Akademik Veri Yönetim Sistemi
Turkish Journal of Physics, cilt.50, sa.2, ss.90-102, 2026 (ESCI, Scopus, TRDizin)
The research on two-dimensional (2D) materials which have intrinsic magnetism and exotic electronic structures is an important quest in condensed matter physics. The Lieb lattice offers a unique platform for studying strongly correlated electron phenomena.

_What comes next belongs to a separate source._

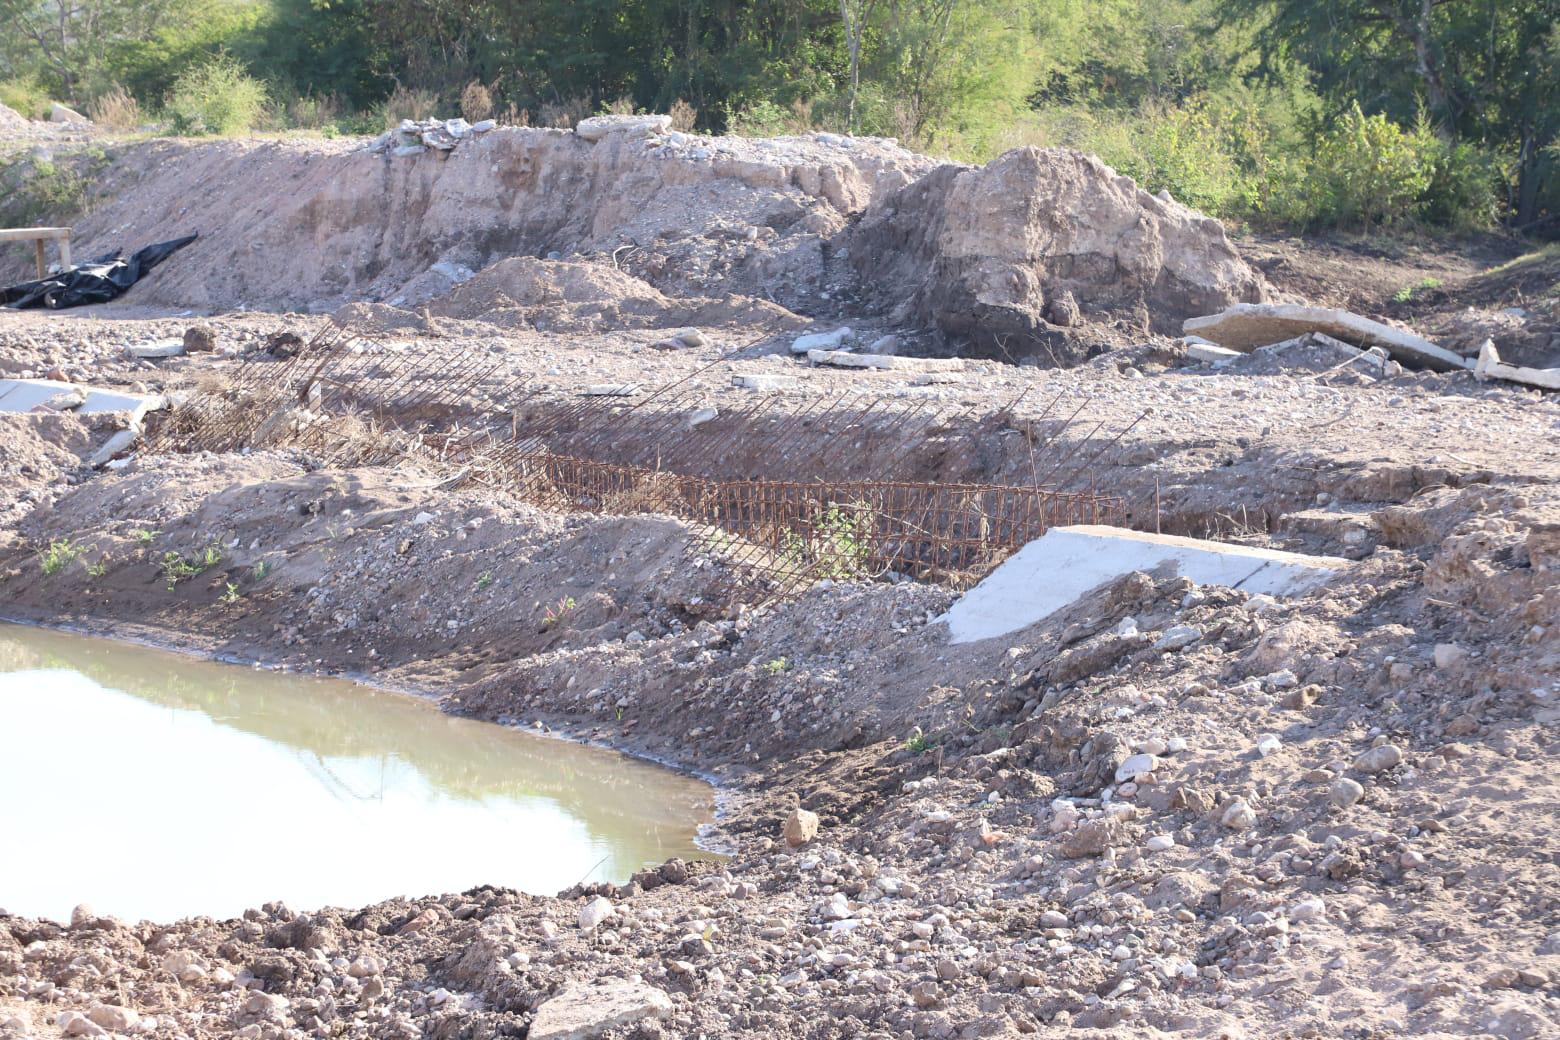 $!Advierten severas deficiencias en el canal de riego de El Roble, en Mazatlán

In this work, we systematically investigated the structural, dynamical, mechanical, electronic, and magnetic properties of monolayer transition metal tetrafluorides (MF4, where M = Ag, Cd, Cr, Cu, Fe, Hf, Mn, Mo, Nb, Ni, Pd, Pt, Rh, Ru, Sc, Ta, Ti, V, W, and Y) arranged in a 2D Lieb lattice, using first-principles calculations based on density functional theory (DFT) with Hubbard (U) corrections. Our calculations showed the dynamical stability of three candidates (MoF4, NbF4, and TaF4) within this materials family through phonon dispersion analysis, and they were also found to be mechanically stable. To investigate their electronic structure, scalar-relativistic (No-SOC) and fully relativistic (SOC) electronic band structures were calculated. As a result, MoF4, NbF4, and TaF4 are found to be metallic. While SOC effects are negligible in MoF4, a pronounced Rashba/Dresselhaus-type splitting is observed in NbF4 and TaF4 . This significant splitting, resulting from the heavy elements (Nb, Ta) and broken inversion symmetry inherent to the monolayer Lieb lattice confirms strong relativistic effects. We showed that these monolayers exhibit antiferromagnetic (AFM) properties, and TaF4 has the highest Neel temperature (180 K). The coexistence of 2D antiferromagnetism and electronic properties makes the MF4 Lieb Lattice monolayers promising candidates for applications in next-generation spintronic devices.